Comments: Asserting Oneself

Nice rebuttal.

Something that many people who've commented on my original posting seem to miss is that I was indicating problems with the traditional "standard" assert. Use of non standard asserts can and does deal with many of the issues but may raise other issues. My position is that often real error handling should be used instead of an assertion and if that's not the case then you should try and fix the problem another way before resorting to an assertion. Your position seems to be that you may not have time to fix it another way and the assertion helps you remember it wasn't fixed... That seems fair enough.

In the kind of code I write I don't ever want the program to continue onwards after a problem could have been detected; you don't want a financial transaction to occur that is incorrect just because your asserts are compiled out. Likewise you don't want a database update to occur with invalid data simply because an assertion didn't fire in the release build. If a test stays in the code all the time then I don't see it as an assert, it's just normal error checking and it needs some form of handling even if that's just to do the best you can to shut down cleanly. I work with a lot of multi-threaded code so, for me, checks that are important enough for assertions in debug builds are probably more important in release builds. Some race conditions hardly ever show up in debug builds and yet could occur all the time in release builds. For me, these errors are important in release builds and if the system shuts down it's better than it continuing. I can see that this is different in games. I find that once you get used to the pain of the system shutting down when there's an error left in it you quickly get into a mode of working where you don't allow errors to remain. I assume that you do considerable testing with your release builds as well as with your debug builds and I guess you probably have a release build that keeps your assertions in and the real public release that removes them? I can see that with your kind of software there's no point in reporting errors after you have shipped because it's unlikely that you'll fix them and ship v1.1. For me, I find that we end up with more reliable systems if you endure the pain of a slightly less forgiving system.

In your example of a function that takes a pointer that can never be null. If it can never be null then the test should stay in all the time or you should pass it in as a reference. It doesn't matter if you wish to take ownership, you can dereference it after. I find that passing in as a reference is the most reliable way; the interface clearly states "can not be null". The caller cannot pass in null, they cannot fail to check any error return and you don't have to test for null. I agree that in the case of a function that takes ownership of an object the interface could cause misunderstanding. Do your performance requirements really preclude the use of a null pointer check in this situation in the release build? Or is it just a case of there's nothing that you could do so you opt to ignore the issue and pray?

I agree that assert is still a useful tool from time to time but with TDD you need it less. For me, assert is a tool of last resort and I don't find that it's required that often.

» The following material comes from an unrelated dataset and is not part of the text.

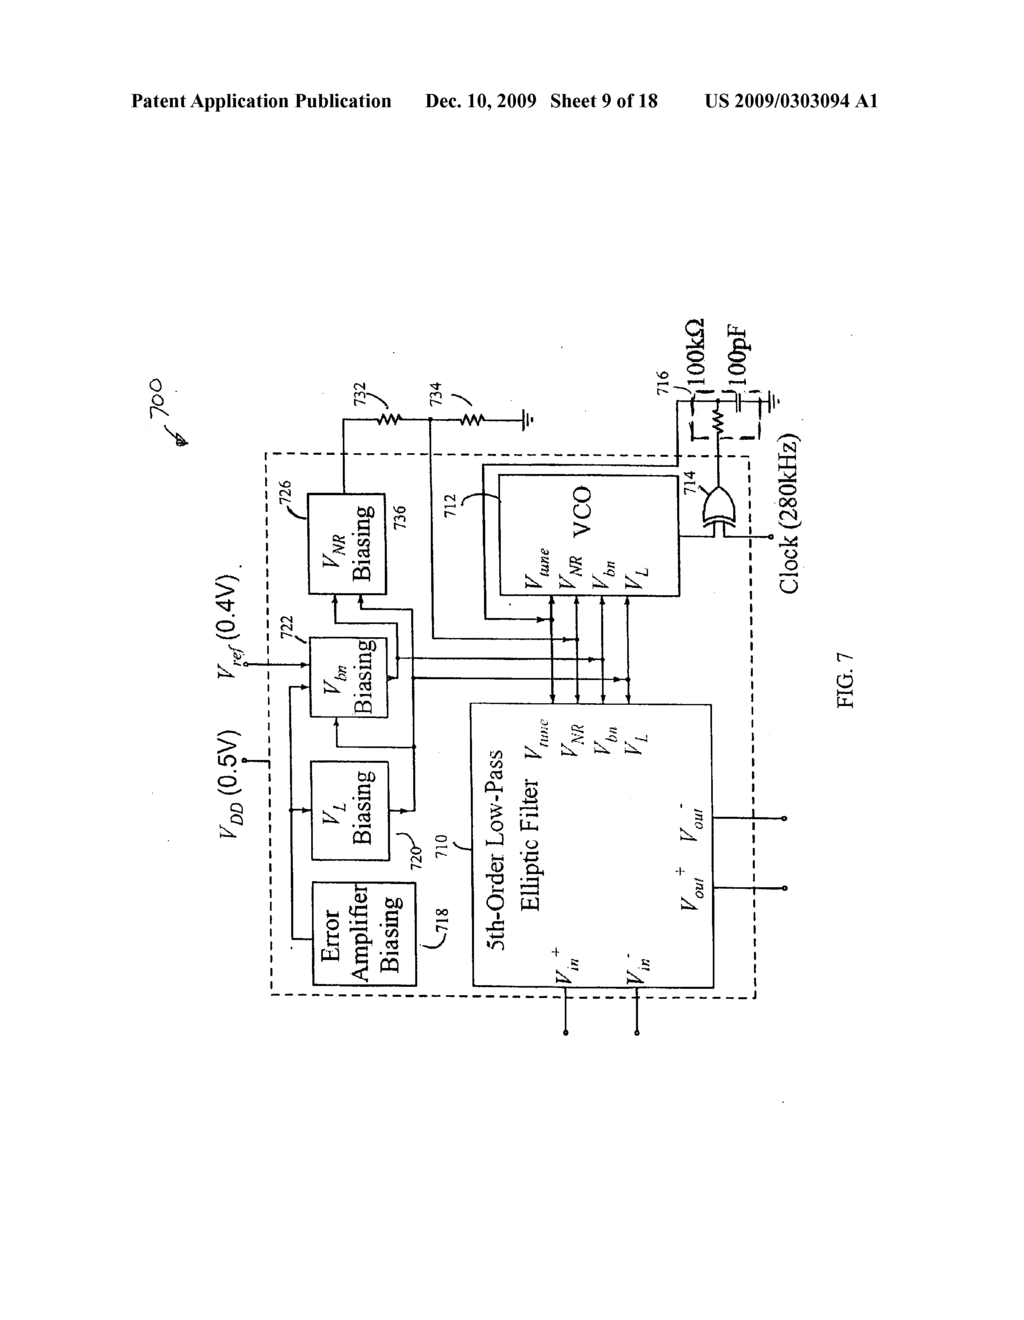 Low Voltage Digital To Analog Converter Comparator And Sigma Delta Circuits Schematic Modulator Diagram Image 10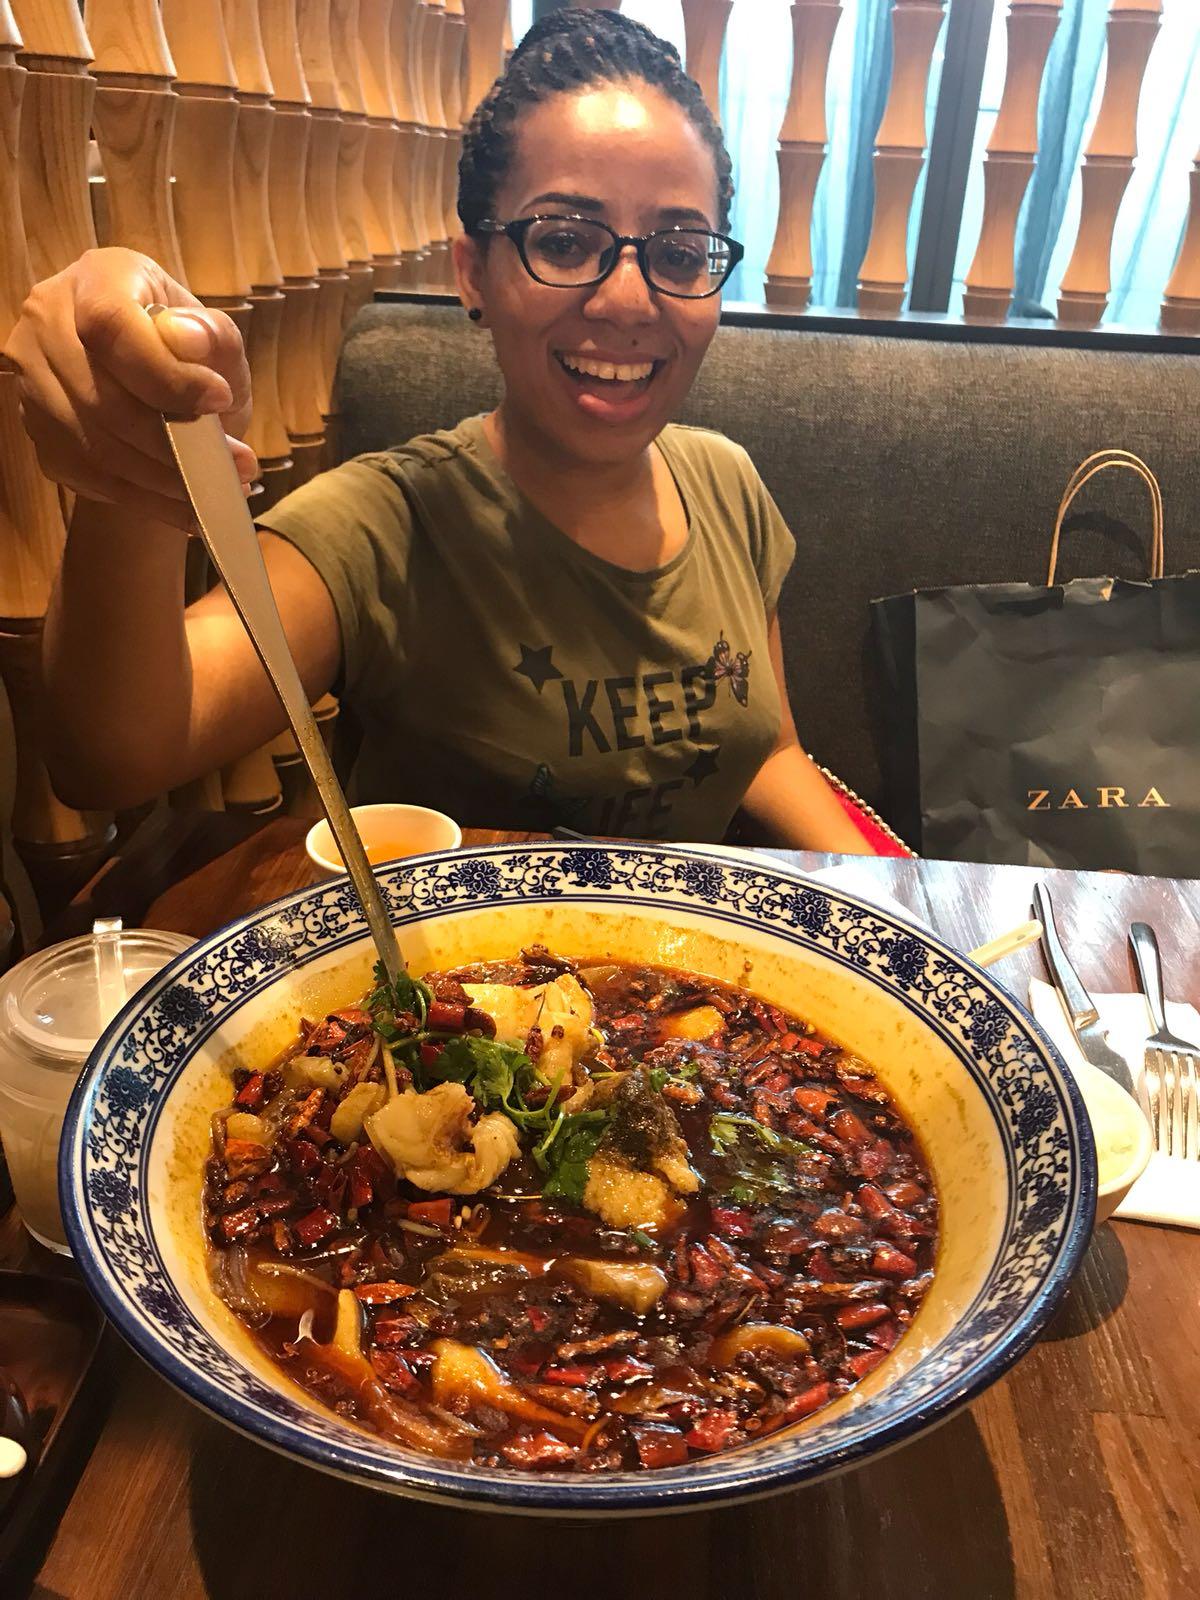 Exploring food at Taipei

Posted by Len Holgate at October 3, 2005 01:33 AM

"So what if asserts go away in release builds? We're writing "shrink-wrapped" software, so that's a good thing because there will be no programmers around with their handy debugger to fix the problem."
Hmm.. I don't know about console games, but for application software it's quite a bit more useful to have to ability to save a core dump and get the user to send an email to you with the core dump. It's a hell of a lot more informative than 'My program just crashes.' :)

Posted by Factory at October 3, 2005 03:34 AM

Len Wrote:
"It doesn't matter if you wish to take ownership, you can dereference it after. I find that passing in as a reference is the most reliable way; the interface clearly states "can not be null"."

Whoa.. To me.. Passing in that reference clearly states "can not take ownership". If a function wants to own a pointer then the function parameters should not hide its intentions. The assert inside the function checking for null is just a workaround for a short-coming of c++. The right thing here is a precondition, which of course you can't do in c++, so you do the next best thing.. An assert.

Posted by Billy Zelsnack at October 3, 2005 07:17 AM

I agree with you 100%. In fact I see unit tests as just more complicated asserts :-p

minor comment

Overriding assert is not always a good thing. If your dev environment catches the assert and allows you to break into the debugger it's much nicer to be able to inspect variables, memory, the call stack, etc. In my current project the lead programmer decided to override assert with his own so when an assert happens it prints the filename and line number. That's useless compared to letting the compiler / debugger deal with it.

Posted by gman at October 3, 2005 07:54 AM

Billy,

As I said, it's not always the right thing to do where you transfer ownership, but, if you allow a pointer to be passed in and that pointer must not be null then I'd prefer to have proper error handling rather than an assert which may or may not be included in the build. If the function doesn't take ownership then I'd always prefer a reference to a pointer that the documentation states "should not be null".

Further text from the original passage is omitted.